Герой своего времени

    Материал для сайта http://valentin-pikul.ru/mini/geroy-svoego-vremeni.html/

    Итак, "Герой своего времени" - это небольшая, но глубокая история Валентина Пикуля, которая заставляет задуматься о том, что делает человека настоящим героем.

    Главный герой истории - солдат, который в ночь перед битвой в одиночку отправился на разведку. Он встретил местного жителя и понял, что он может предотвратить гибель многих людей, если узнает о том, где находится позиция врага. Он решил смело пойти на риск и отправился в путь.

    Но вражеские солдаты заметили его и начали его преследовать. Герой понимал, что ему грозит смертельная опасность, но он продолжал двигаться вперед, чтобы выполнить свою миссию. В конце концов, он смог добраться до позиции врага и передать информацию своим товарищам.

    История этого героя показывает, что настоящий герой - это не обязательно тот, кто сражается на поле боя. Герой - это человек, который готов рисковать своей жизнью ради других, для достижения благородных целей и задач.

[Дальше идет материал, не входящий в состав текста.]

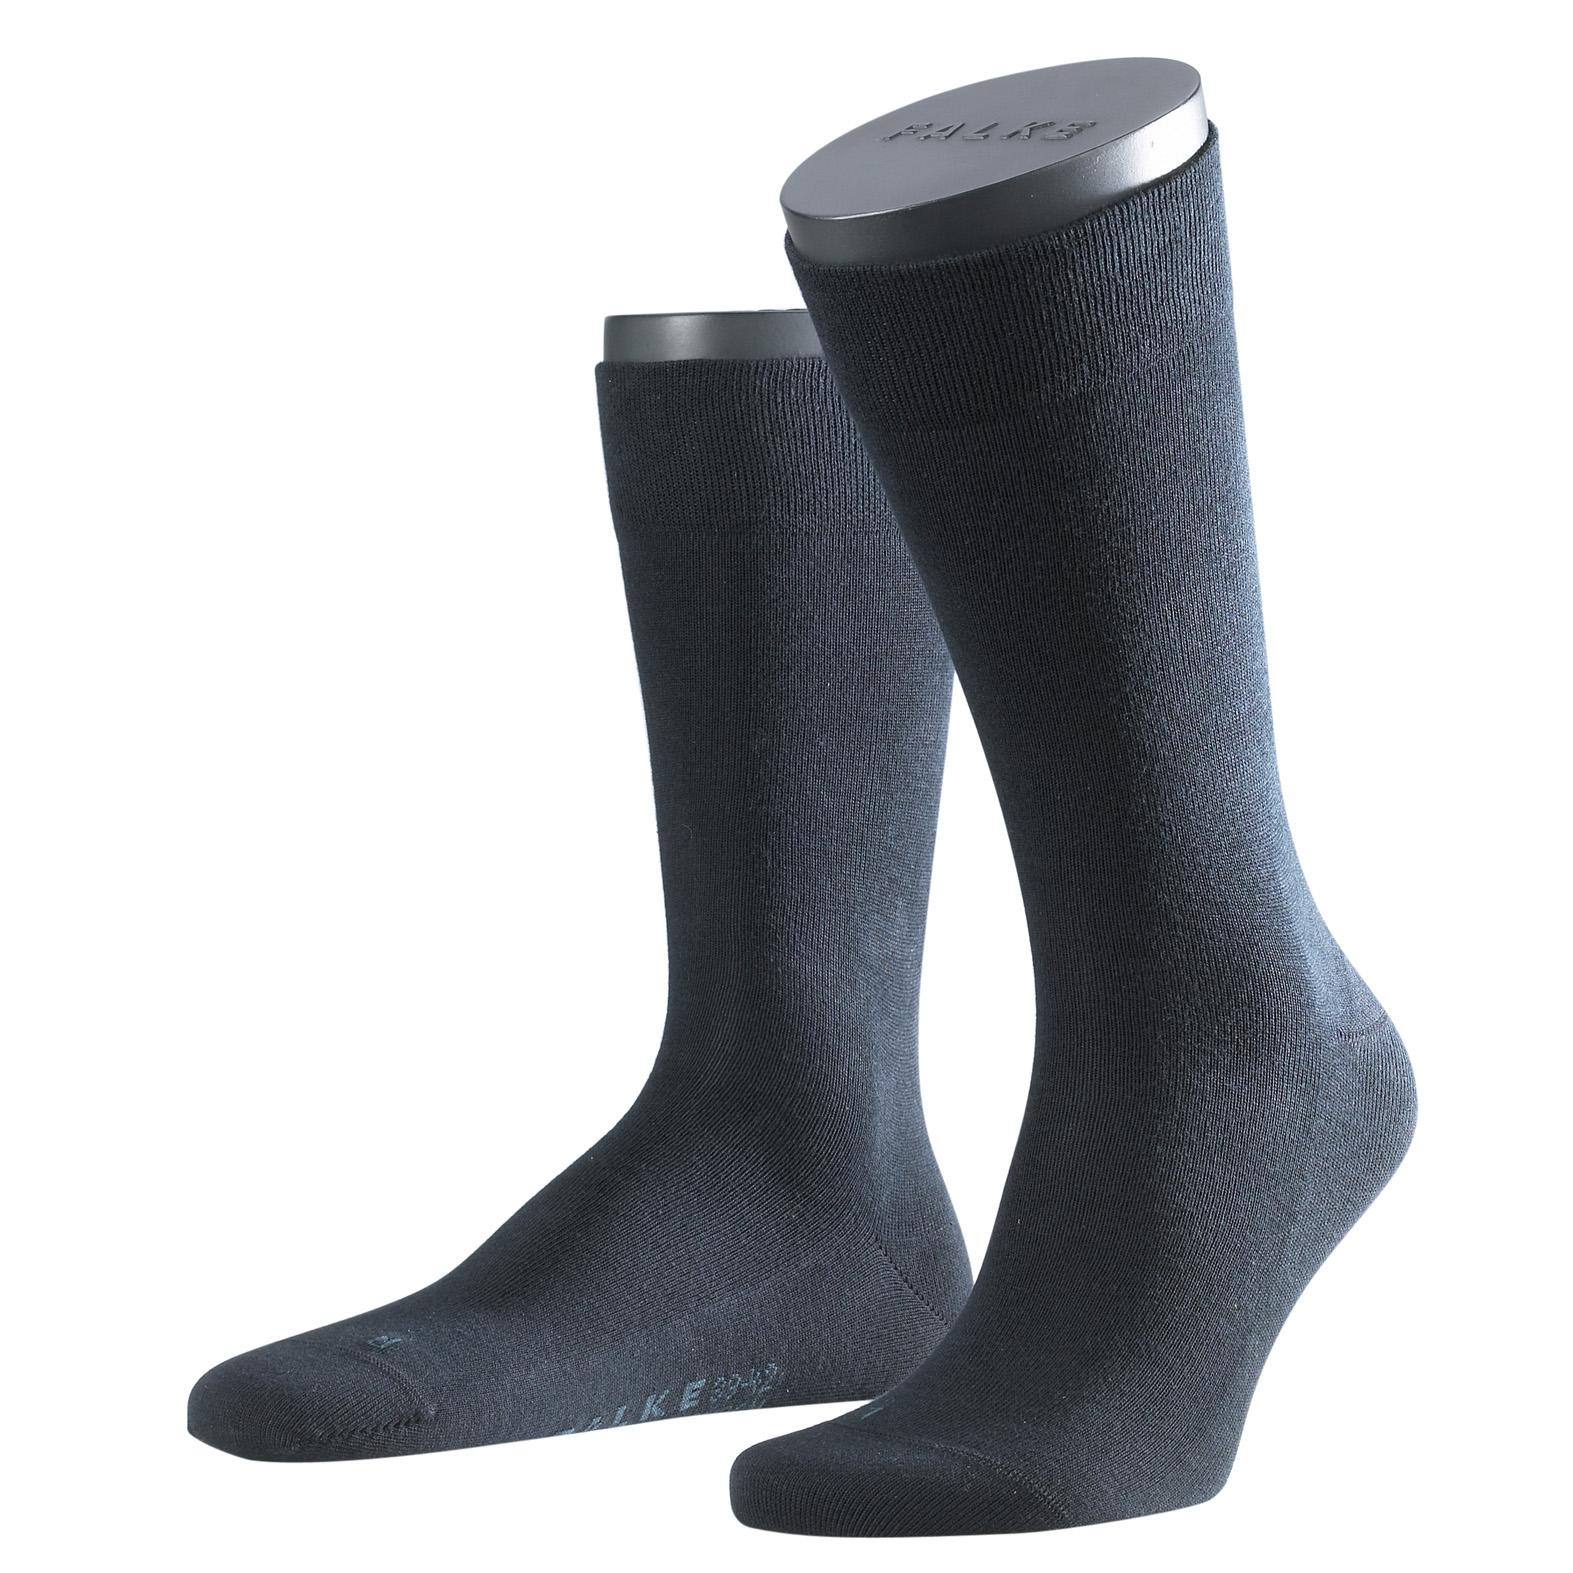 Falke Sensitive Socke London marine blau 14616 - 6370 Basic Baumwolle

    Кроме того, "Герой своего времени" напоминает нам о том, что героизм может проявляться в разных сферах жизни - в работе, на спортивной арене, в личной жизни и т.д. Главное, чтобы человек был готов действовать и принимать решения, которые могут изменить ход событий в лучшую сторону.

    В целом, "Герой своего времени" - это история, которая напоминает нам о важности готовности к действию и настоящему героизму. Она показывает, что каждый из нас может стать героем, если будет готов рисковать и действовать в интересах других.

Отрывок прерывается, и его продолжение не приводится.